Edgar told me, not unkindly, that I shouldn’t feed her at the gate, and the problem is twofold. First, the dog would grow dependent on us even though we’re not able to adopt her or even provide much real care. She’d simply end up hanging around the gate, contributing to the large number of dog poops which already plague our road and the vacant properties next door which Edgar cares for as one of his side gigs. But beyond the extra trouble the larger problem is that caring for the dog would likely bring us more directly in contact with La Escuelita, “The Little School.”
We learned about La Escuelita well in advance of moving to San Agustín Etla. The name is colloquial, an ironic nickname for a small, two-story, white-painted concrete house that sits next to a portion of road which abruptly transitions from pavement to a rutted, stoney path unfit for any but the most rugged of vehicles.
La Escuelita is the source of the bottles, cans, and empty bags of chips littering the junction our road connects to. The people from La Escuelita also, in the past, ran an illegal bar which brought drunk drivers to the foot of our road. La Escuelita is the home of the pack of mean dogs which haunts our neighborhood, and it now is also the temporary shelter for the very sweet brown dog which has decided, after many months, that she likes me.
The biggest problem with La Escuelita is that trying to improve the neighborhood signals to them that they can ramp up their bad behavior. If they see people picking up track they simply put more trash in the road, realizing that someone else will solve their problem. When a wooden drain cover on the road broke and I suggested we hire Lalo the ironworker to make a replacement I was told it’s better if we don’t do that, as the drunks from La Escuelita will simply steal the cover and sell it for scrap. So if they learn someone else is feeding the brown dog and taking care of it, they’ll take even less care. By helping we may make things even worse.

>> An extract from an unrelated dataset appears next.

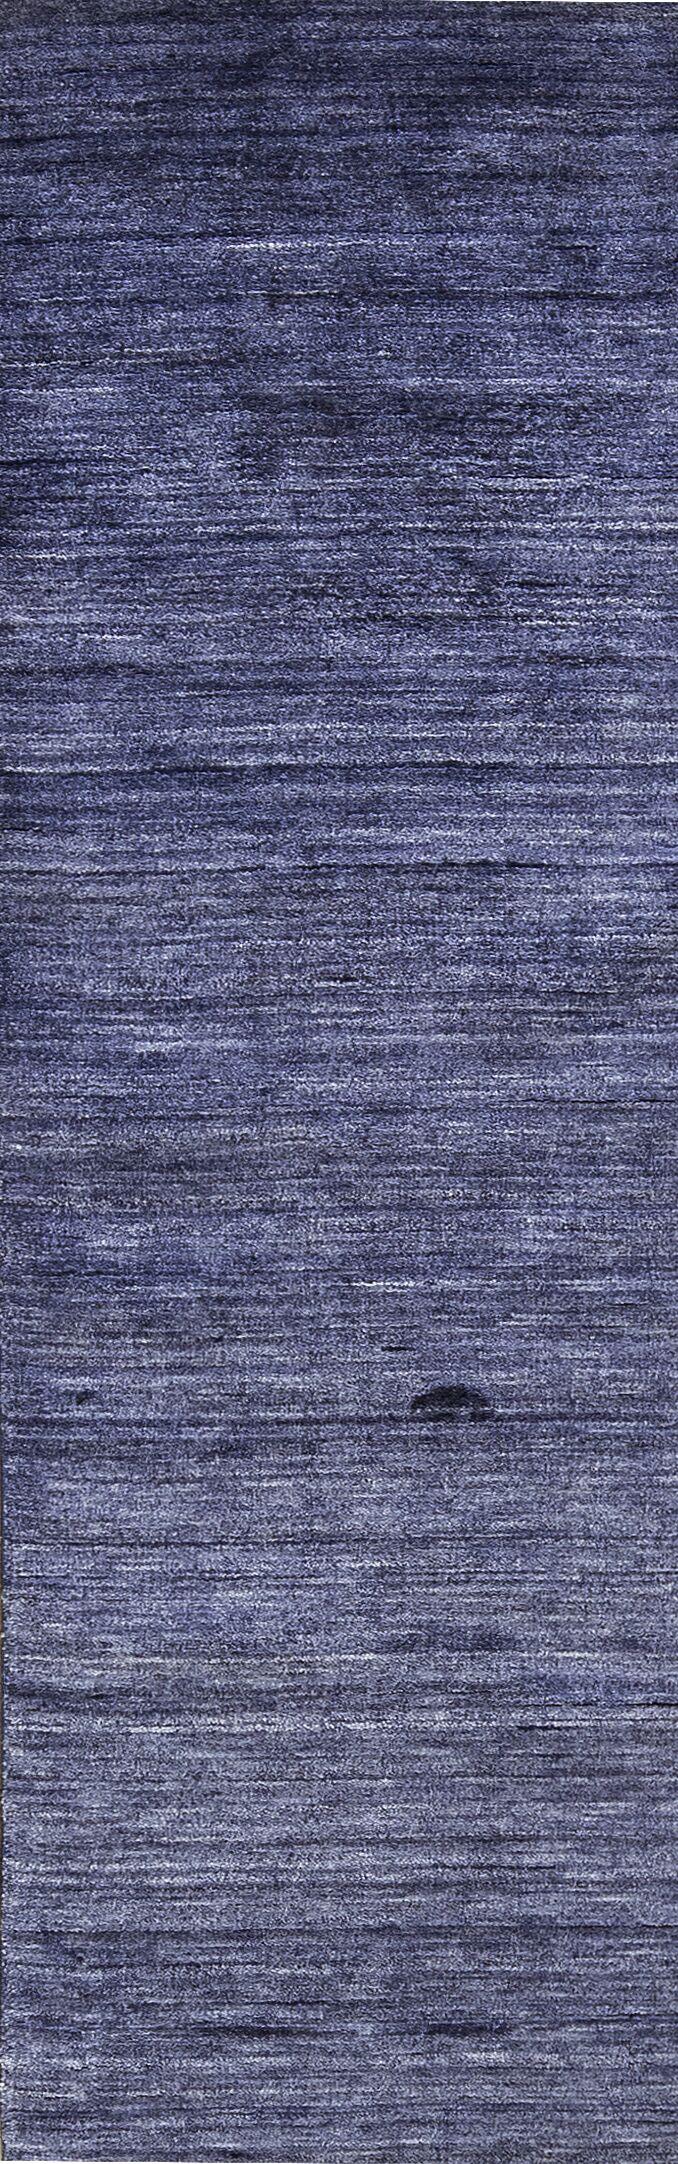 Blue Indoor Area Rug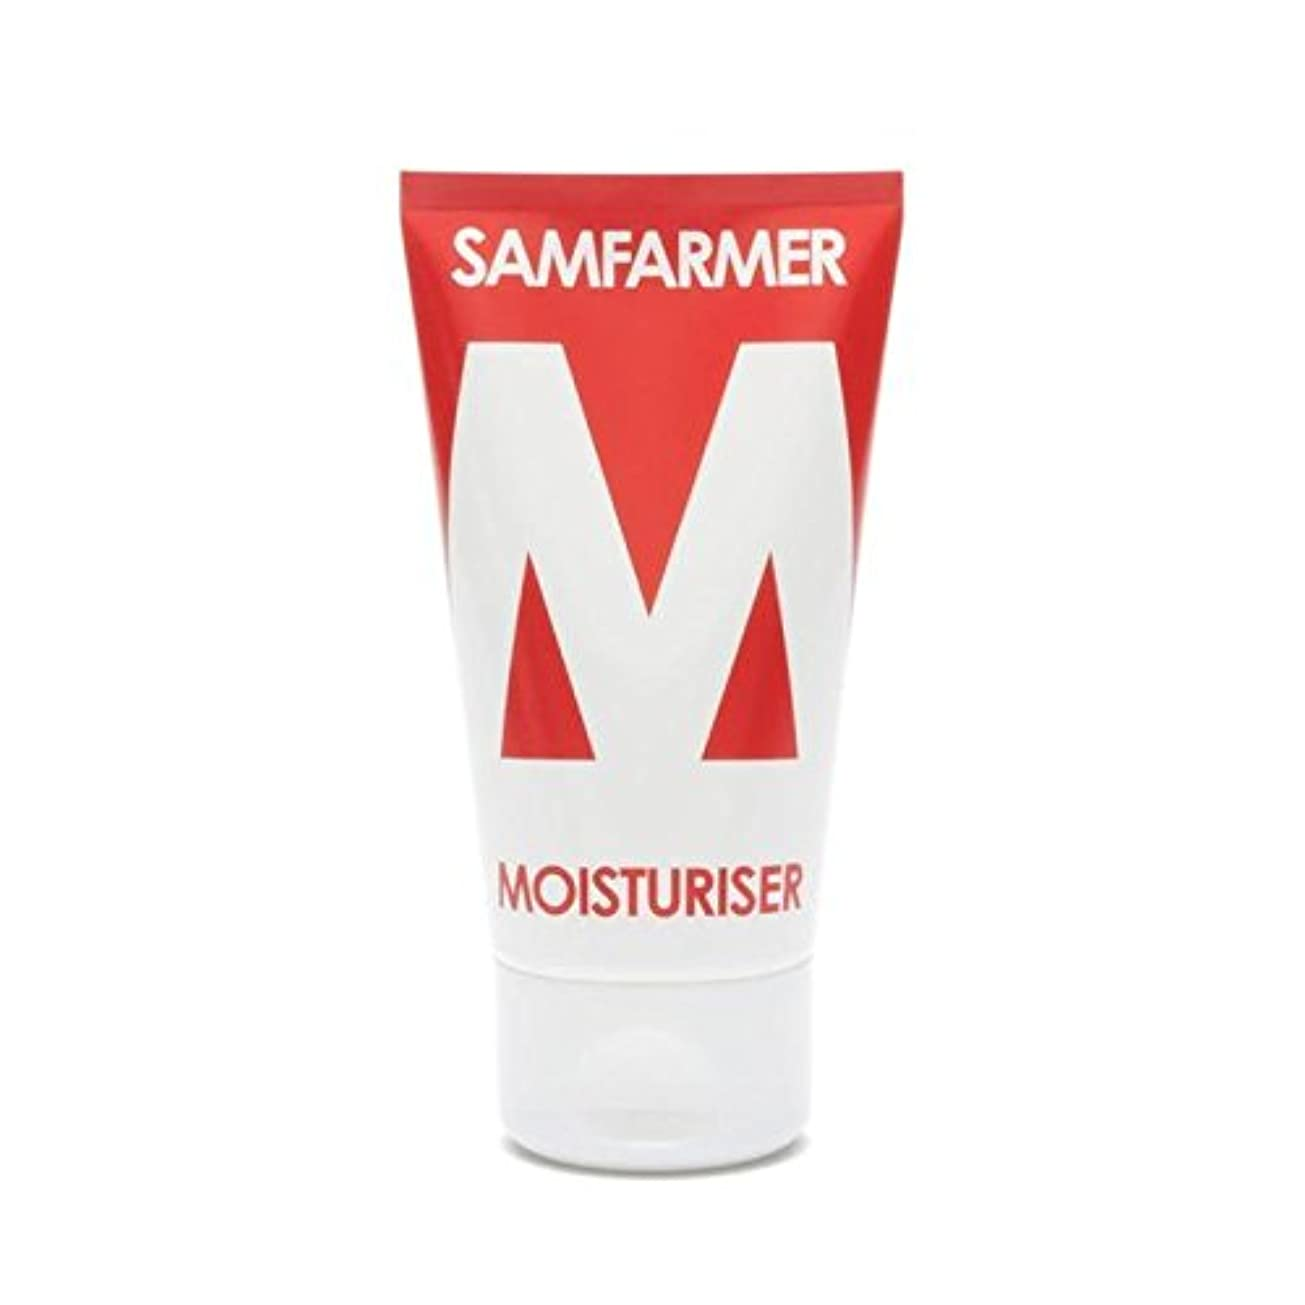 内部エトナ山シロクマユニセックス保湿50ミリリットル x2 - SAMFARMER Unisex Moisturiser 50ml (Pack of 2) [並行輸入品]

My sympathy for the dog makes me wonder if there’s something we can do to more actively address the blight of La Escuelita, but our options are limited. We’ve been told that in the past the police and the ronda haven’t been able to do anything about La Escuelita, and they’re not really committing any actionable crimes, more just being bad, dirty neighbors.
Our friend Ehren told us that in her village, San Andrés Huayapam, when a resident commits an infraction the town broadcasts their name over a loudspeaker, telling everyone in earshot exactly what rule or regulation was broken. It’s an act which Ehren says has on occasion inspired mob violence. It’s hard to picture an upper middle class Mexican town getting whipped into a frenzy by someone not correctly sorting their trash and I can only hope that their semi-organized vigilante justice is reserved for the most severe of petty crimes.
We don’t have anything like that here in San Agustín Etla, which perhaps is for the best. As annoyed as I am by the miscreants on the corner, being a litterer and irresponsible dog owner isn’t quite enough to justify a public beating, although the idea is not entirely unsatisfying. The whole thing is definitely made worse by knowing that in the near future her puppies will also be roaming around our area.
For now I don’t have a solution. Edgar told me there’s a kindhearted elderly man who lives on another, nearby road, who’s been feeding her real dog food. Perhaps once the puppies make an appearance we can find someone local who’d be willing to foster and re-home them. In the meantime I’ll see if I can keep sneaking her food—just well away from the gate to our house.
Aww, she's a sweetheart. I would give her all the chicharrones. I am not very familiar with Mexican dog names but I think that Canela would be a good name for a sweet brown dog.